In a comment on my recent post on public opinion and the individual mandate case, University of Richmond law professor Kevin Walsh suggests that the anti-mandate forces might need sympathetic plaintiffs in order to prevail in the court of public opinion:
Some say that the challengers to the individual mandate can win even if they lose on the merits. That is, they can win the broader battle for public opinion even if they lose in the Supreme Court. I think that’s right. This kind of win is a common goal of public impact litigation. But the strategy thus far pursued by the mandate challengers differs from the strategy one often sees in such litigation. A typical strategy focuses on real people and the effect of the challenged rule on them. Not so the individual mandate challenges.
In a recent post at The Volokh Conspiracy (“Public Opinion, the Individual Mandate, and the Supreme Court”), Ilya Somin compares the potential backlash that could be generated by a Supreme Court decision upholding the constitutionality of the mandate with the backlash generated by the Kelo case. The Supreme Court held in Kelo that government can use its power of eminent domain to take the property of an individual for use in a private party’s redevelopment efforts. The idea was that this would serve a “public use” by generating more tax revenue. One of the strategies of the challengers in Kelo was to highlight the plight of a particular individual, Susette Kelo, showing how the government was going to affect her life by taking her house away.
Contrast this strategy with that pursued by the individual mandate challengers. They have focused on the deprivation of liberty inherent in being ordered by the federal government to enter into, and stay in, an economic relationship with another private party. But this focus has not involved real people. Perhaps understandably, the mandate challengers have thus far chosen not to focus on the plight of particular individuals....

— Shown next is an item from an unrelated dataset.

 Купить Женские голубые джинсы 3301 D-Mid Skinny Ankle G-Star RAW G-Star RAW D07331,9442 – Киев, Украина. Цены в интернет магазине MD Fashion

It’s certainly true that sympathetic plaintiffs are always helpful for public relations. But they are not essential. The anti-mandate forces are winning the public relations battle even without them, as we can see from polls showing that the vast majority of the public wants the Court to strike down the mandate. Sometimes, focusing on general principles is as much or more effective than focusing on tearjerking individual stories.
This is not the first major constitutional case in which the plaintiffs’ lawyers managed to win in the court of public opinion while downplaying the individual stories of their clients. As co-blogger Dale Carpenter shows in his excellent recent book on Lawrence v. Texas, the lawyers in that case deliberately shielded their clients from public scrutiny in large part because they were likely to seem unsympathetic to the public (both men had criminal records for minor offenses, they were not in a longterm relationship with each other, and they quite likely did not actually have sex the night they were arrested).

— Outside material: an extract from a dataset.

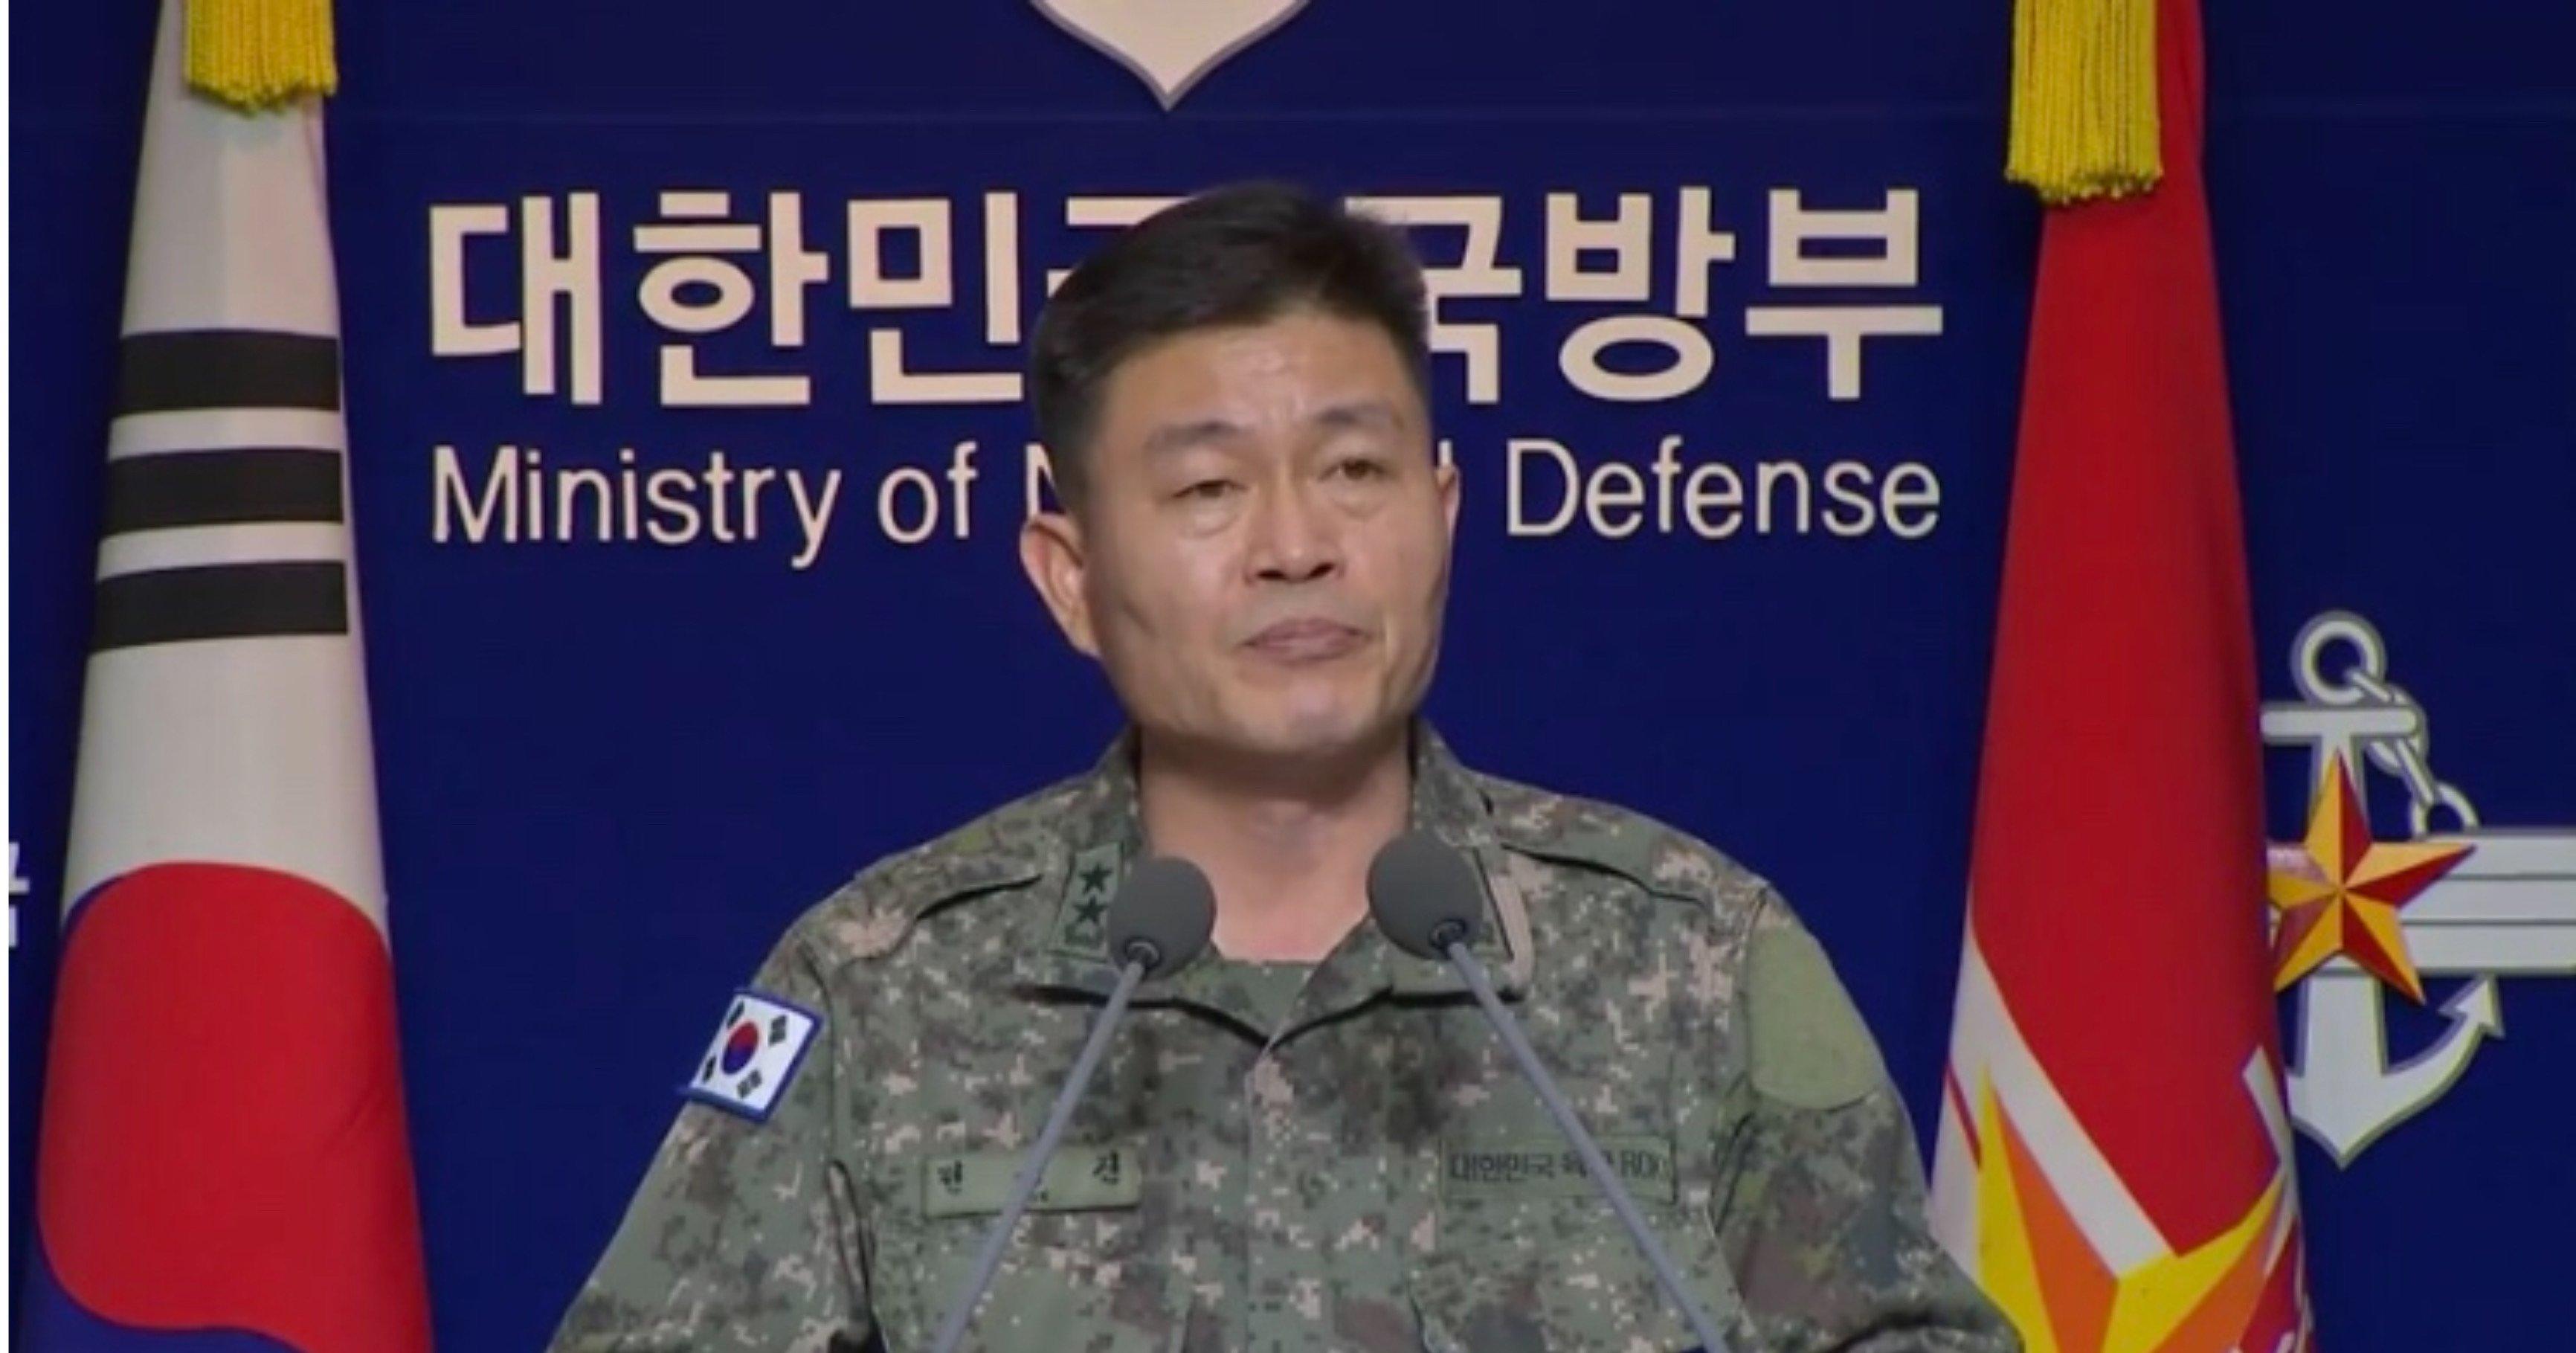 """328be6f8 9533 43f7 b5c4 9342b4d50c92.jpeg?resize=412,232 - [속보] 합참의 강력 경고 """"북한, 군사 행동하면 반드시 대가를 치르게 될 것"""""""

By focusing on the general principle that it is wrong for the government to prosecute people for consensual gay sex, the pro-gay rights side in Lawrence managed to win over the majority of the public, as well as the Supreme Court justices. The anti-mandate forces are trying to pull off a similar victory by focusing on the general idea that it is dangerous to give Congress a blank check to enact whatever mandates it wants. This strategy has been very successful with the general public, though it remains to be seen whether it will work with the justices.
Walsh also argues that the diverse circumstances of individual plaintiffs justify 6th Circuit Judge Jeffrey Sutton’s approach of barring facial challenges to the mandate and instead forcing plaintiffs to make individual as-applied challenges. I criticized Sutton’s theory in detail in this post.
UPDATE: Timothy Sandefur of the Pacific Legal Foundation points out that at least some of the anti-mandate cases do have sympathetic plaintiffs:
Prof. Kevin Walsh thinks opponents of the Individual Mandate should have found a sympathetic client. How about PLF client Matt Sissel?
A decorated Iraq War veteran (a Medic, incidentally) as well as an entrepreneur and a talented artist, Matt started a business to sell portraits and other artwork. He doesn’t buy health insurance because it doesn’t make financial sense for him to do so, given his other financial commitments, his health, and so forth. But thanks to the Mandate, he’s forced to buy insurance he doesn’t need with money that would be better spent growing his business, in order to subsidize insurance companies, who are, in turn, forced to provide insurance to people who are already sick.
Sissel tells his own story here. He certainly seems like a sympathetic plaintiff to me.
Sissel’s case, of course, is not the one before the Supreme Court right now. But one of the plaintiffs that is before the Court is the National Federation of Independent Business, the nation’s largest small business organization, which likely has members who are small businesspeople that find themselves in a situation similar to Sissel’s.